Apr

23

2010

12:00—1:30 PM
Center for Global Development, 1800 Massachusetts Avenue, NW, Third Floor, Washington, DC
,
RESEARCH SEMINAR SERIES (RSS)

The Industrial Organization of Rebellion: The Logic of Forced Labor and Child Soldiering

On Friday, April 23, 2010, The Center for Global Development and The Paul H. Nitze School of Advanced International Studies co-hosted a Massachusetts Avenue Development Seminar (MADS)* on The Industrial Organization of Rebellion: The Logic of Forced Labor and Child Soldiering featuring Christopher Blattman of Yale University. James Habyarimana, Georgetown University, served as the discussant. 

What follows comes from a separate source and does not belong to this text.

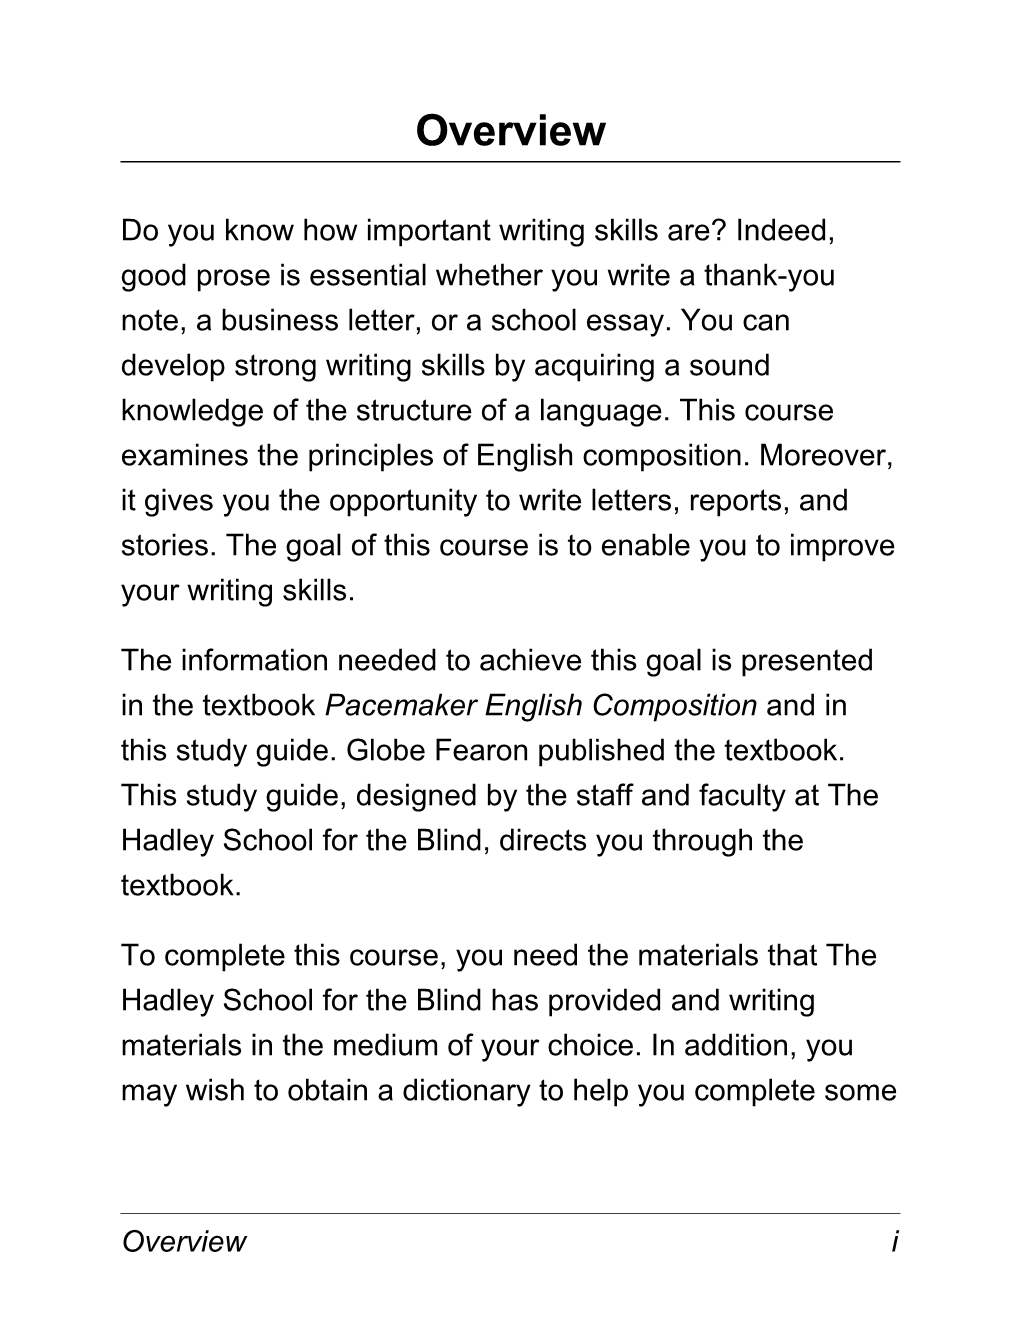 Do You Know How Important Writing Skills Are? Indeed, Good Prose Is Essential Whether You

Paper abstract: We investigate one of the world's most pernicious forms of exploitation: child soldiering. Most theories can be captured by a principal-agent model that incorporates punishments, indoctrination, and age-varying productivity. For rebel leaders, we show it is almost always optimal to coerce rather than reward children, and that leaders will tend to forcibly recruit children when punishment and supervision are cheap, when children's outside options are poor, and when rebel leaders are resource-constrained. To see which mechanisms dominate in practice, we interview and survey former members of Uganda's Lord's Resistance Army, who provide a cruel natural experiment that reveals how children and adults respond to coercive incentives. The evidence suggests that children are more easily indoctrinated and disoriented than adults, but are less effective guerrillas; hence the optimal targets of coercion are young adolescents. We confirm predications of the model on a new "cross-rebel" dataset and suggest policy solutions. 

Read paper.

*The Massachusetts Avenue Development Seminar (MADS) series is an effort by the Center for Global Development and The Paul H Nitze School of Advanced International Studies to take advantage of the incredible concentration of great international development scholars in the Metro Washington, DC area. The series seeks to bring together members of this community and improve communication between them.